ケイゴ 「濡れて無いよな。そこ座りなよ」

 

 ケイゴはユキにブランコに座るように言った。

 ユキはブランコへ腰を掛ける。


ケイゴ
「恋愛モノだったんだけど、タイトルは…。底辺の主人公が言われた『人生は一度キリだから精一杯生きろ』っていう台詞があったんだけど、それが心に刺さってさ」

ユキ  「えっ?」

ケイゴ 「えっ?どうしたの?」

ユキ  「ううん。良い台詞だね」

ケイゴ 「俺は過ぎちゃったけどユキは青春だろ?」

ユキ  「青春って、まあ…」

ケイゴ 「人生と言えば青春でしょ?」

ユキ  「確かにそう言われるとね」

ケイゴ 「季節で言えば夏かな。青春だけど、イメージ的に夏寄りじゃない?」

ユキ  「うん。中には高校生ぐらいって思う人も居るよ」

ケイゴ 「いや、一日で言うと日中の昼の暑い、日差しが強い時間帯だよ」

ユキ  「ケイゴも過ぎてないって。何?そういう時があったの?」


 ケイゴは問いに答えずに言葉を続けた。


ケイゴ 「昼は当然今みたいな薄暗くなって来た時間に繋がっている。これから夜になって暗くなる前の」

ユキ  「…」

ケイゴ 「自分はこの時間帯が一番好きというか、綺麗だと思うんだよね」

ユキ  「言ってる事分かる気がするな」

ケイゴ
「灯りの映え方が綺麗だよ。

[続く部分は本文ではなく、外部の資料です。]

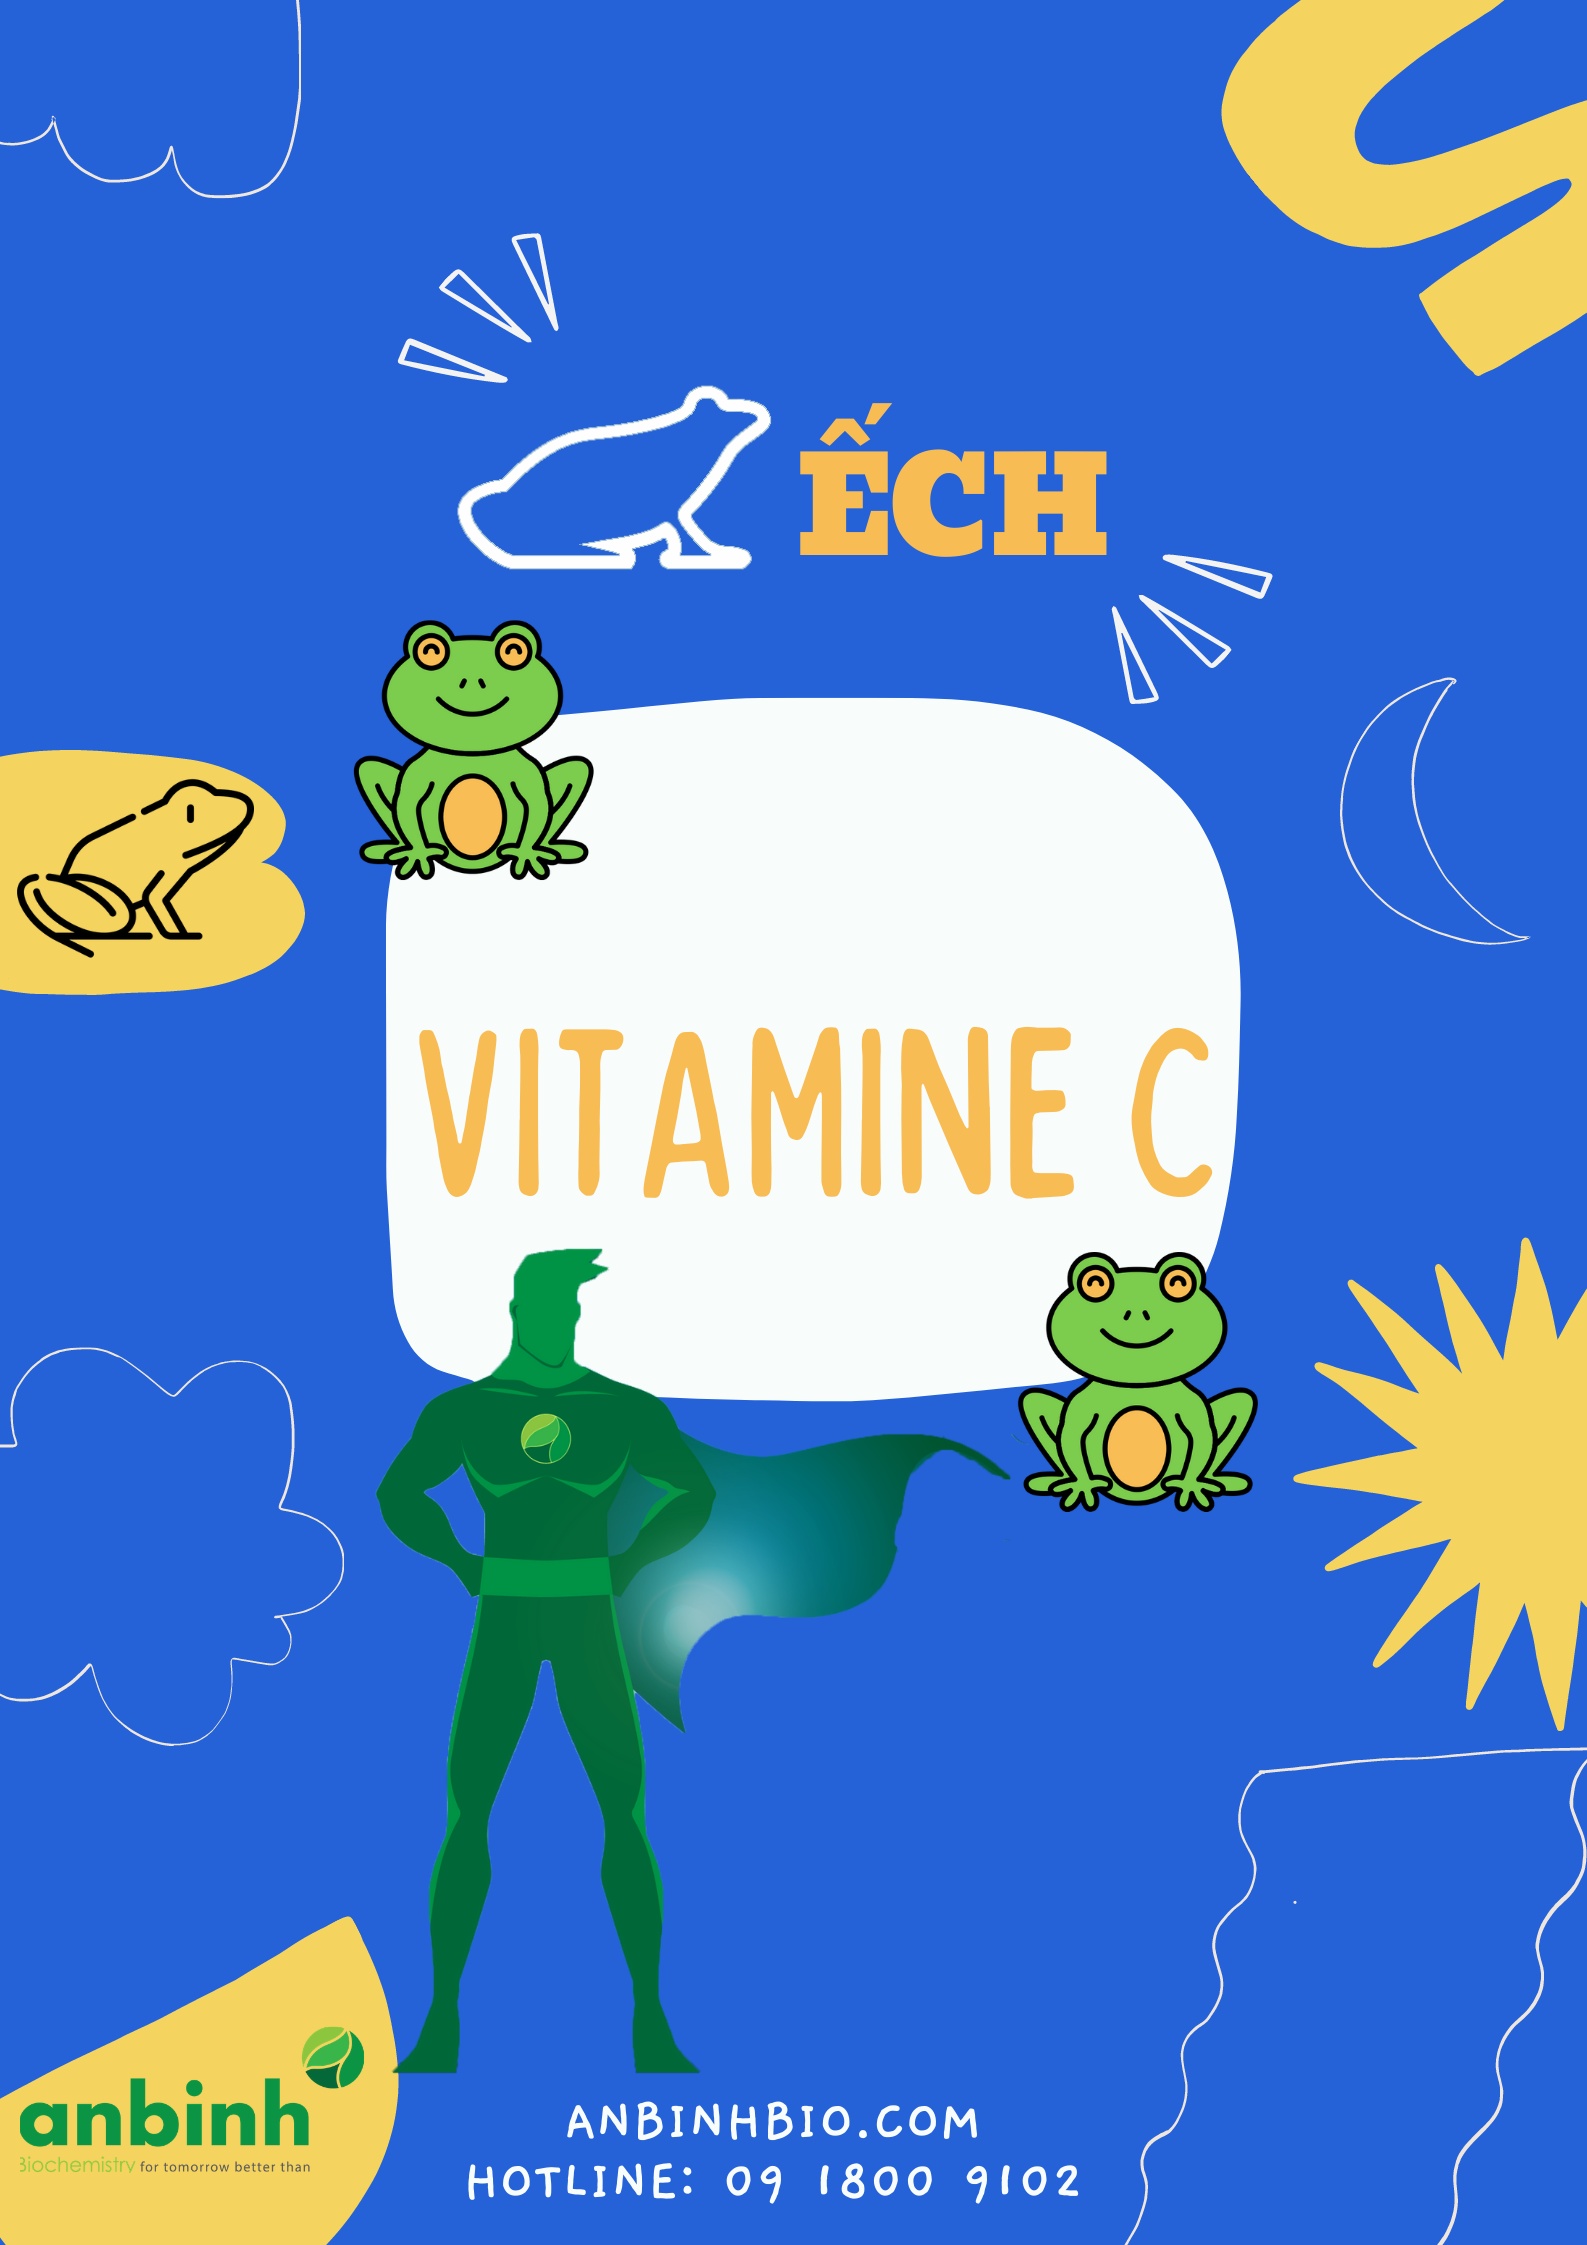 Vitamin C cho ếch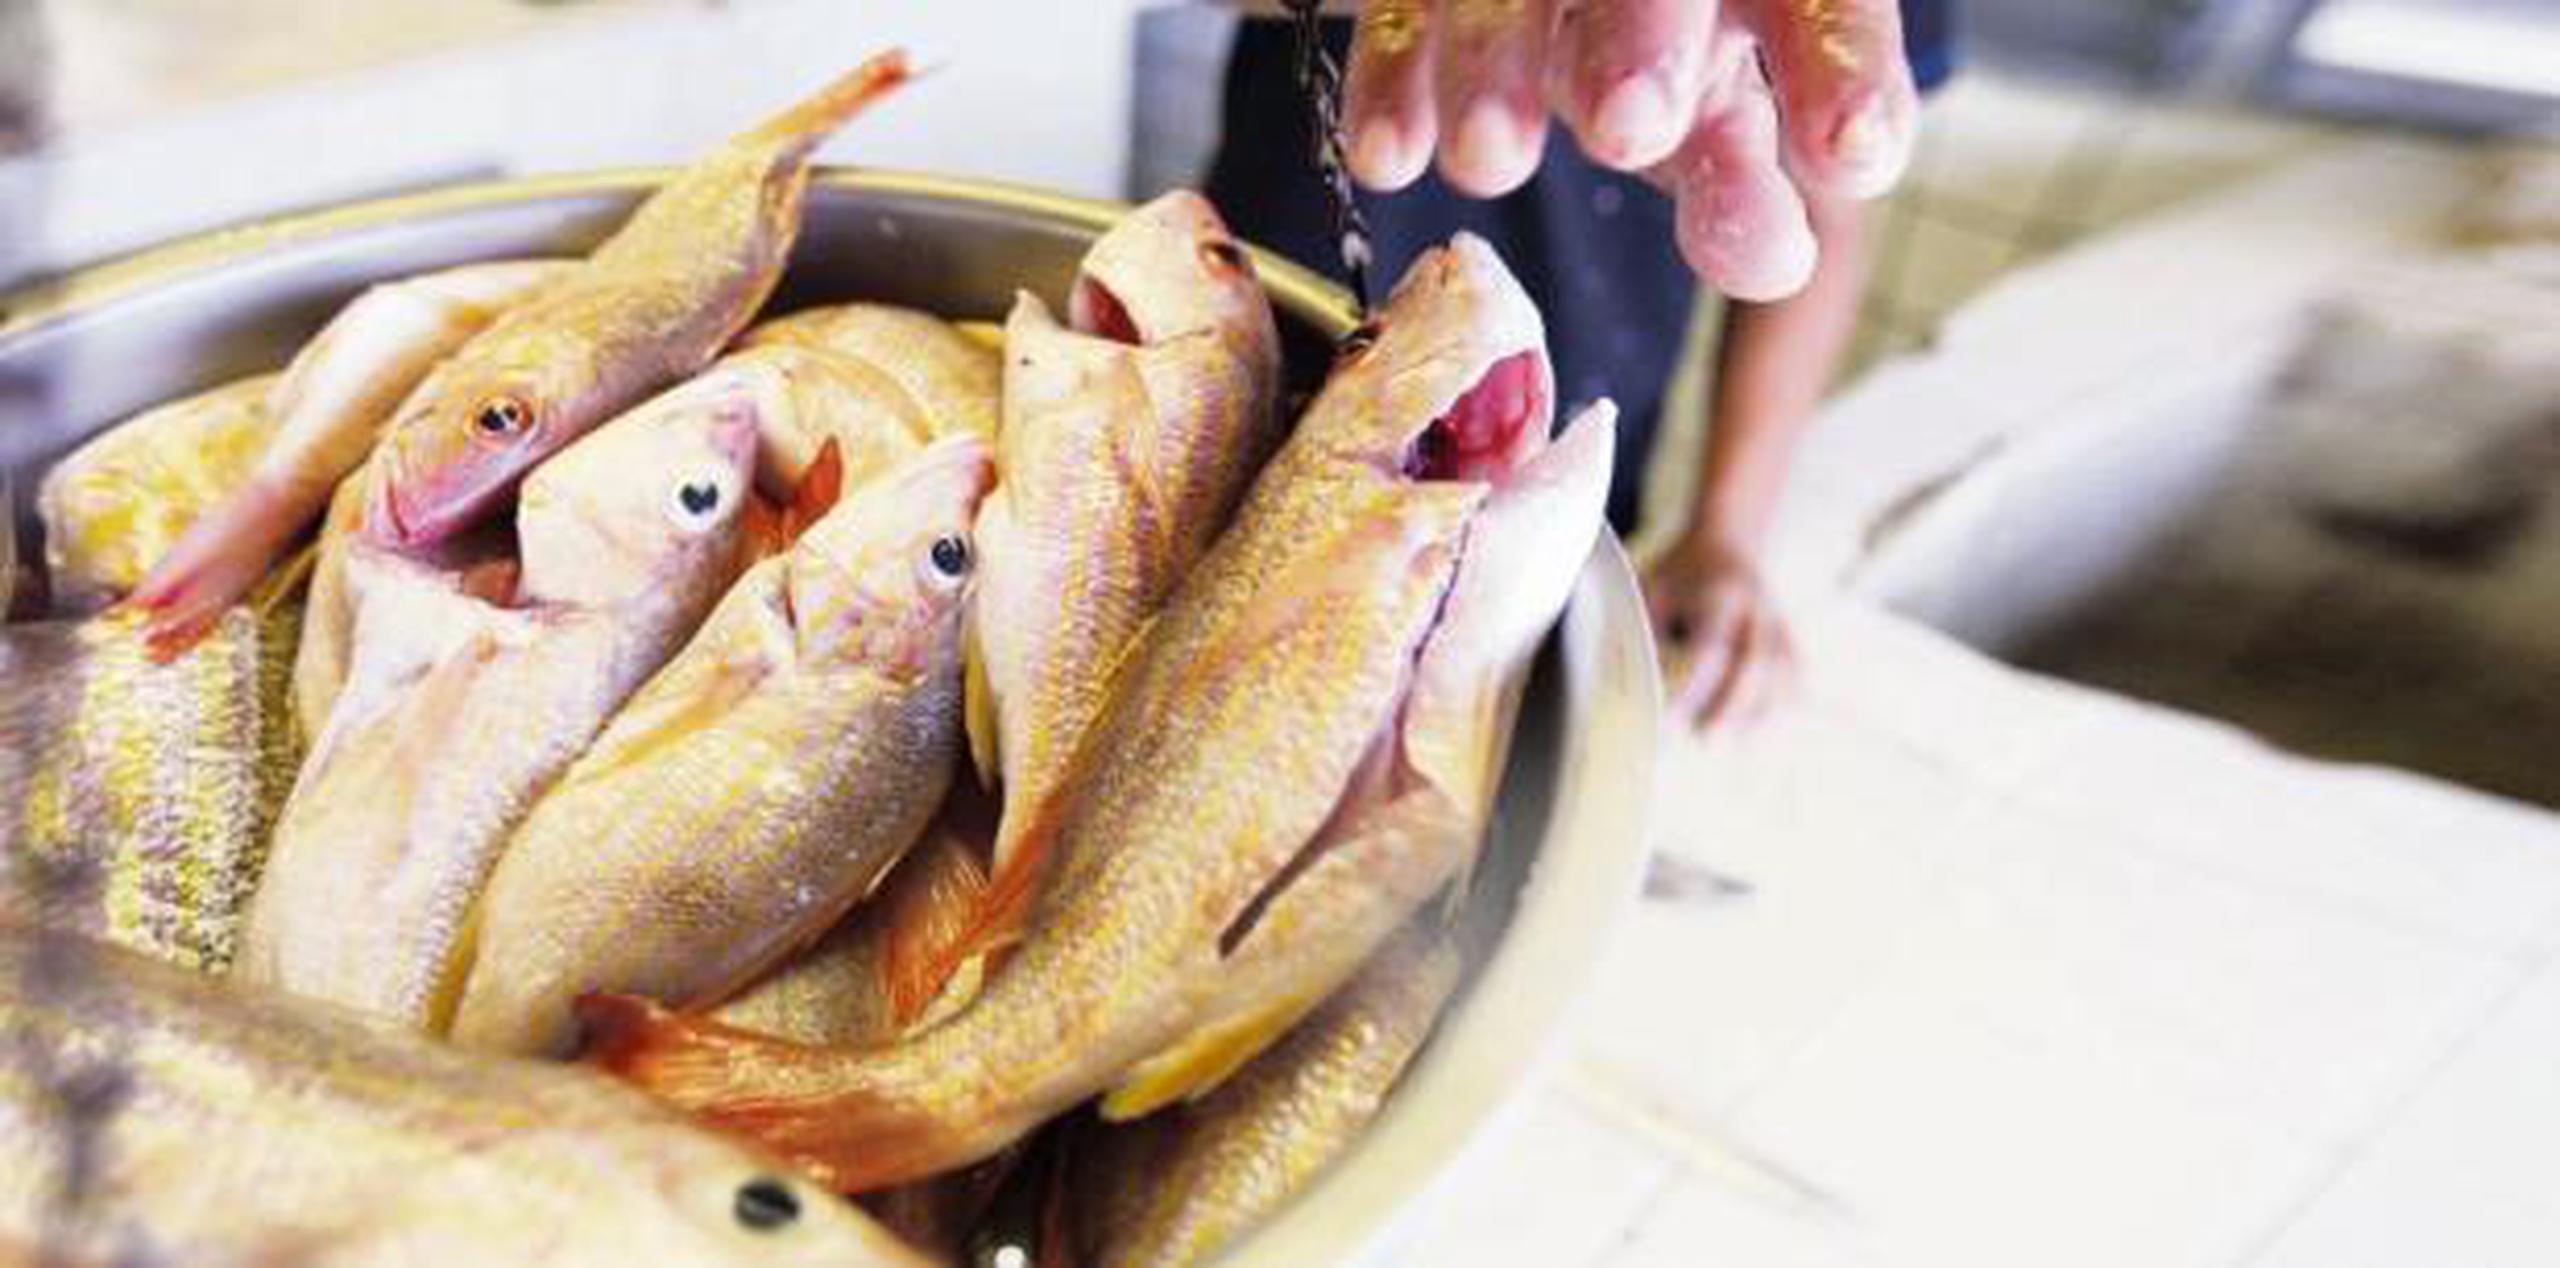 Al ser este el plato más consumido en la Semana Mayor, Rodríguez Mercado alertó sobre la ciguatera, una enfermedad derivada del pescado. (Archivo)

暗くなってしまう前の、暑い時間帯を過ごした二人にしか見えない景色があると思わない?」

ユキ  「ロマンチックで上手い事言うね」

ケイゴ 「チュ〜ッ…」


 ケイゴは大袈裟に口をすぼめながら、ユキのブランコを掴み前後に揺すり勢いをつけた。


ユキ  「ちょっと、キャー、何々」

ケイゴ 「(ブランコの行ったり来たりを狙って)、チュ〜」

ユキ  「え、何でチューなの?」

ケイゴ 「動かないでチューしてくれって言っただろ?チュ〜」


 ケイゴはふざけながら行っては戻って来るユキを待ち構えていた。


ユキ  「ちょっと、ダメ、やめて(ブランコがケイゴの位置へ戻っていく)」

ケイゴ 「チュ〜」





51 先日の映画館で

 

 分不相応な女の夢を見た翌日に、

 ほとんど誰も居ない映画館で、

 少し飽きてスクリーンから腕時計の文字盤に視界を落とした。

 暗闇の中、円型のガラス面にはおいてけぼりにされたシーンが次々と映し出される。

 連れて時の刻印が波打つ。その際へと迷い込むように、

 誰かの愛から遠ざかっていった足跡は海へと続いていた。

 先には女が立っていたが、詩は浮かばなかった。

 その場所で君を見ているような気がするのは、どうしてなのか。